§ Exercise materials:
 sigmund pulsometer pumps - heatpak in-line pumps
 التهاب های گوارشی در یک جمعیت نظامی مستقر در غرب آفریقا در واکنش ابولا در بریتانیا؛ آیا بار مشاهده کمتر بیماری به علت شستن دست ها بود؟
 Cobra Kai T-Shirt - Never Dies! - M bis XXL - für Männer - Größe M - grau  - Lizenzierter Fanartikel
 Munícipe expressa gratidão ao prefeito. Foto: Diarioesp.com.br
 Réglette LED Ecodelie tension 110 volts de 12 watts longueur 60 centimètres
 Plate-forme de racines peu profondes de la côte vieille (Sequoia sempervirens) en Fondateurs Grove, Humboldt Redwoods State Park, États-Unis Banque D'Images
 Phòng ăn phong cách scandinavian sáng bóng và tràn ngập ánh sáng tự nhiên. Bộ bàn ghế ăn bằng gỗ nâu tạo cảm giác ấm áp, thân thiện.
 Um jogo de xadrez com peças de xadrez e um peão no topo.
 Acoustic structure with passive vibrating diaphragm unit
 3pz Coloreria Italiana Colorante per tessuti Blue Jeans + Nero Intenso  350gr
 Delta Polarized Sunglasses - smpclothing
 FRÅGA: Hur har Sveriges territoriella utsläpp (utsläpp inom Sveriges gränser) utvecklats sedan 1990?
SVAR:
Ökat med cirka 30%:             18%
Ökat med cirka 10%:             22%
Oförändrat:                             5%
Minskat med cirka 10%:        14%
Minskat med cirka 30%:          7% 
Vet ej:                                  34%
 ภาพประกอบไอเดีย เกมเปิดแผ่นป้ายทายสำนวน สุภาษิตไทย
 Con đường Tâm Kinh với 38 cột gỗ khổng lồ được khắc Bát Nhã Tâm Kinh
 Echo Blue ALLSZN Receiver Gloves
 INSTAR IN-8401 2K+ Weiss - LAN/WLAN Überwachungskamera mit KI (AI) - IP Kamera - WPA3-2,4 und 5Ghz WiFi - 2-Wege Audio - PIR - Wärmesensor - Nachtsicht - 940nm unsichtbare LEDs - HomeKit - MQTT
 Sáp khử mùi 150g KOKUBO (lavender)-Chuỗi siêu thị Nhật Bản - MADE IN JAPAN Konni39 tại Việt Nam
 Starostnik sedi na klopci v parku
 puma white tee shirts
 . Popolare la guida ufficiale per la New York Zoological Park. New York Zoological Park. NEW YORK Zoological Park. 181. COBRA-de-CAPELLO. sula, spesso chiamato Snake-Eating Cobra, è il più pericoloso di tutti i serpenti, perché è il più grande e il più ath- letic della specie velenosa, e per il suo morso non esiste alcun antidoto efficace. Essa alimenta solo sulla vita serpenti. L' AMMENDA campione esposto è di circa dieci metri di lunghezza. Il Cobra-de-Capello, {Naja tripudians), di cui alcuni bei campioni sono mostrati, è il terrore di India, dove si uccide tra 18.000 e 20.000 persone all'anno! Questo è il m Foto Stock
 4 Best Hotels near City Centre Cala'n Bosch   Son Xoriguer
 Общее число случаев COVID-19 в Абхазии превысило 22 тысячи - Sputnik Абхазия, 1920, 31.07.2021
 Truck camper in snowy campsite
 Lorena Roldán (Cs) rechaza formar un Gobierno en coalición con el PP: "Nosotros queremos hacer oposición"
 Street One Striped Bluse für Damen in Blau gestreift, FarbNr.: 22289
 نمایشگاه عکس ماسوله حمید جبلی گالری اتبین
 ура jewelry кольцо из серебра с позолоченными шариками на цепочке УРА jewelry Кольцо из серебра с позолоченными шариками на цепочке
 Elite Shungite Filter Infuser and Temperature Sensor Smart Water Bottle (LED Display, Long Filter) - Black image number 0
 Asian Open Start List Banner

§ Problem details: Considering each line of the material above, count those with the word "Blue" and give only the number.

§ Completed task: 2